Показалось, что душманы видели каждое его движение. Прошло не меньше минуты. Интервал между выстрелами увеличился. Плотность огня стала поменьше. К Маслевичу начала возвращаться способность соображать. С ужасом он понял, что сейчас душманы разделились. Часть из них, скорее всего, поднимается сейчас из-за камней, чтобы перебраться выше, а остальные ведут стрельбу, чтобы прикрыть маневр.

Нужно было встать и открыть огонь, чтобы перехватить инициативу. Иначе через пару таких пауз душманы доберутся на рубеж броска гранаты. А тогда – совсем мрак: можно прощаться с жизнью.

Очередная пуля разнесла камень, на который опирался ствол пулемета. Переборов страх, он нашел в себе силы подняться. У него просто не оставалось выбора. И все же ему повезло. Дым не позволял моджахедам вести огонь прицельно. Длинной очередью, патронов в пятьдесят, он заставил противника вжаться в камни.

"Патроны нужно экономить, – промелькнуло в голове, – Они же так не стреляют". Маслевич попытался сдержаться. Даже убрал палец со спускового крючка. Теперь у него появилась возможность обзора сектора обстрела. Внизу, сквозь густой туман чёрного дыма местами пробивался оранжевый. Маслевич присвистнул: "Так вот почему летуны их не тронули".

Откуда душманы взяли сигнальный дым, уже не имело значения. Главное, он помог им провести летчиков. Тут же, из-за дымовой завесы, метрах в пятидесяти, вылетела еще одна шашка. Еще ближе… Клубы чёрного дыма еще плотнее затянули сектор обстрела. Практически одновременно открыли огонь с соседней сопки. Маслевич снова упал под камни.

Взрыв НУРСа разворотил бруствер до основания. Теперь для стрелков справа позиция бойцов просматривалась совершенно беспрепятственно.
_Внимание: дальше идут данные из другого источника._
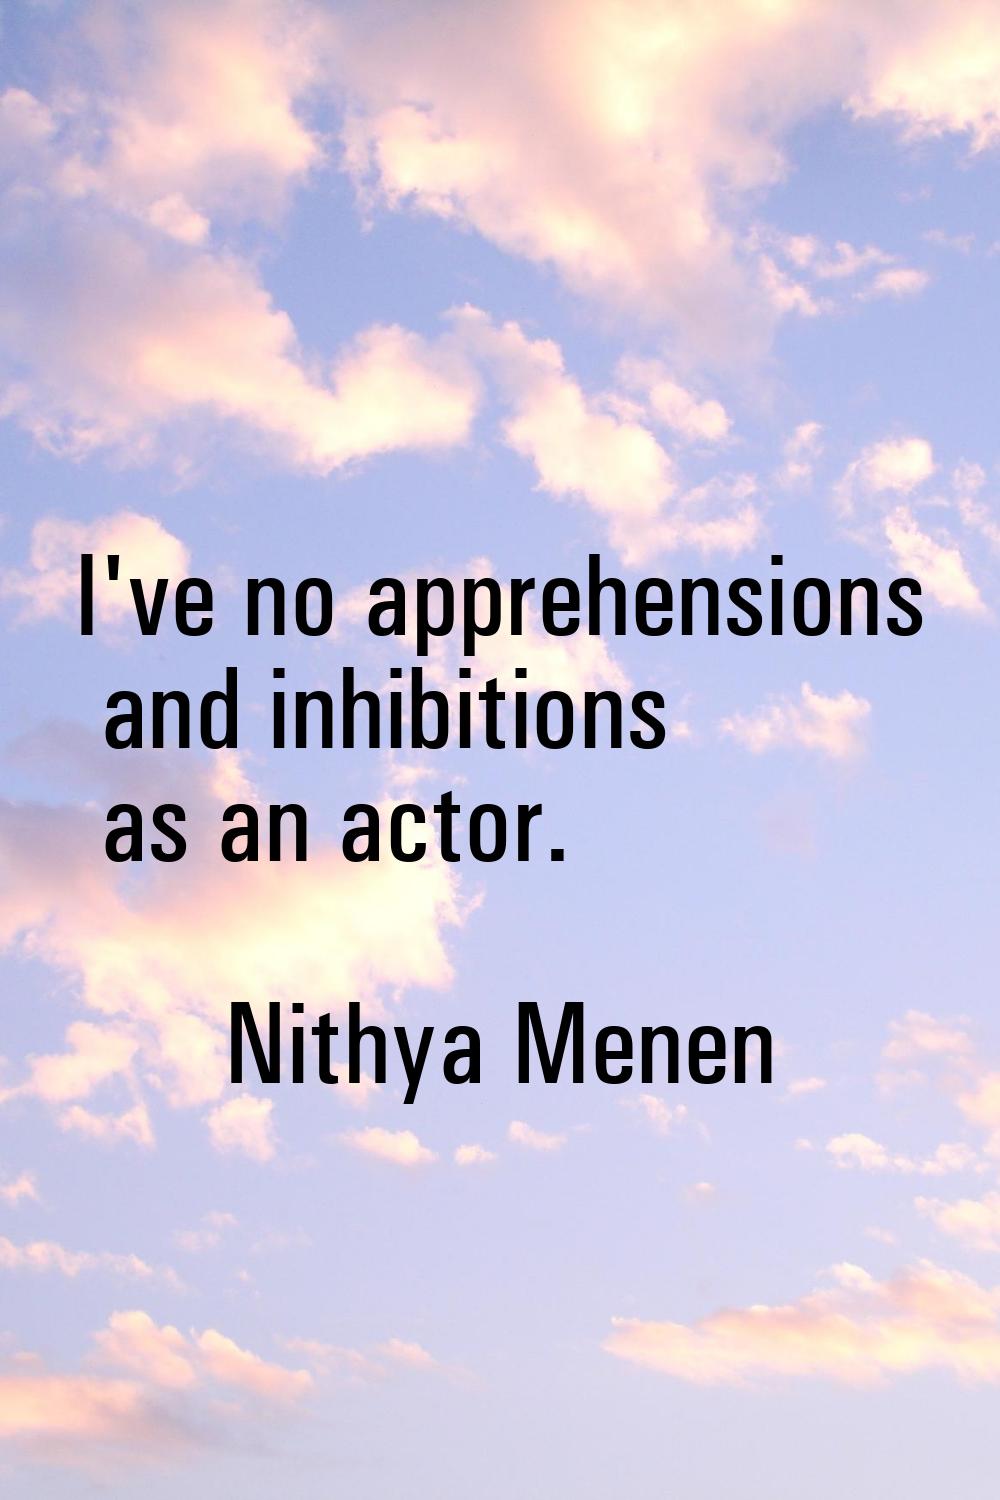 I've no apprehensions and inhibitions as an actor.

Из чего там стреляли, Маслевич даже не пытался понять. Плотность огня была настолько высока, что ему показалось, что опять из крупнокалиберного пулемета. Снова охватила паника. В довершение ко всему, он услышал внизу еще один, новый хлопок дымовой шашки. Означать он мог только одно: неумолимо, шаг за шагом, метр за метром душманы подбираются к его позиции. Сколько им еще осталось?

Очередная пуля справа тяжеленным ударом в каску швырнула его на песок. В голове снова загудело. Охваченный ужасом Маслевич не стал подниматься, тихо завыл:

– Пожалуйста, не стреляйте! Ну, пожалуйста, не надо больше!

Дикое, неуправляемое желание бежать заставило забыть о боли и охватило все его естество. Бежать в надежде успеть скрыться из зоны видимости раньше, чем душманы займут высоту. Страх овладел его сознанием, начисто истребил способность соображать и парализовал все его члены. Затряслись все суставы. Он уже сгруппировался для рывка. И он побежал бы, если бы не услышал за спиной:

– Гранаты есть?

Маслевич только сейчас вспомнил о сержанте. Он совсем растерялся и вместо ответа заплакал навзрыд.

Превозмогая боль, Богдан подполз к пулемету. Он уже понял, что происходит.

– Гранату!..

Маслевич не пошевелился.

– Гранату, сволочь!

Богдан слабеющей рукой стащил пулемет с бруствера за ремень и направил его туда, где еще пять минут назад торчал ДШК.

Маслевич поднял голову. Гранаты лежали рядом с Белоградом. Задыхаясь в рыданиях, он поднял одну из них и протянул Белограду. Тот не заметил. Тогда Маслевич, широко размахнувшись, забросил ее в расползающийся по склону дым. Одновременно Богдан открыл огонь в другую сторону. Внизу ненадолго притихли. Справа, после серии коротких очередей, тоже предпочли убрать головы.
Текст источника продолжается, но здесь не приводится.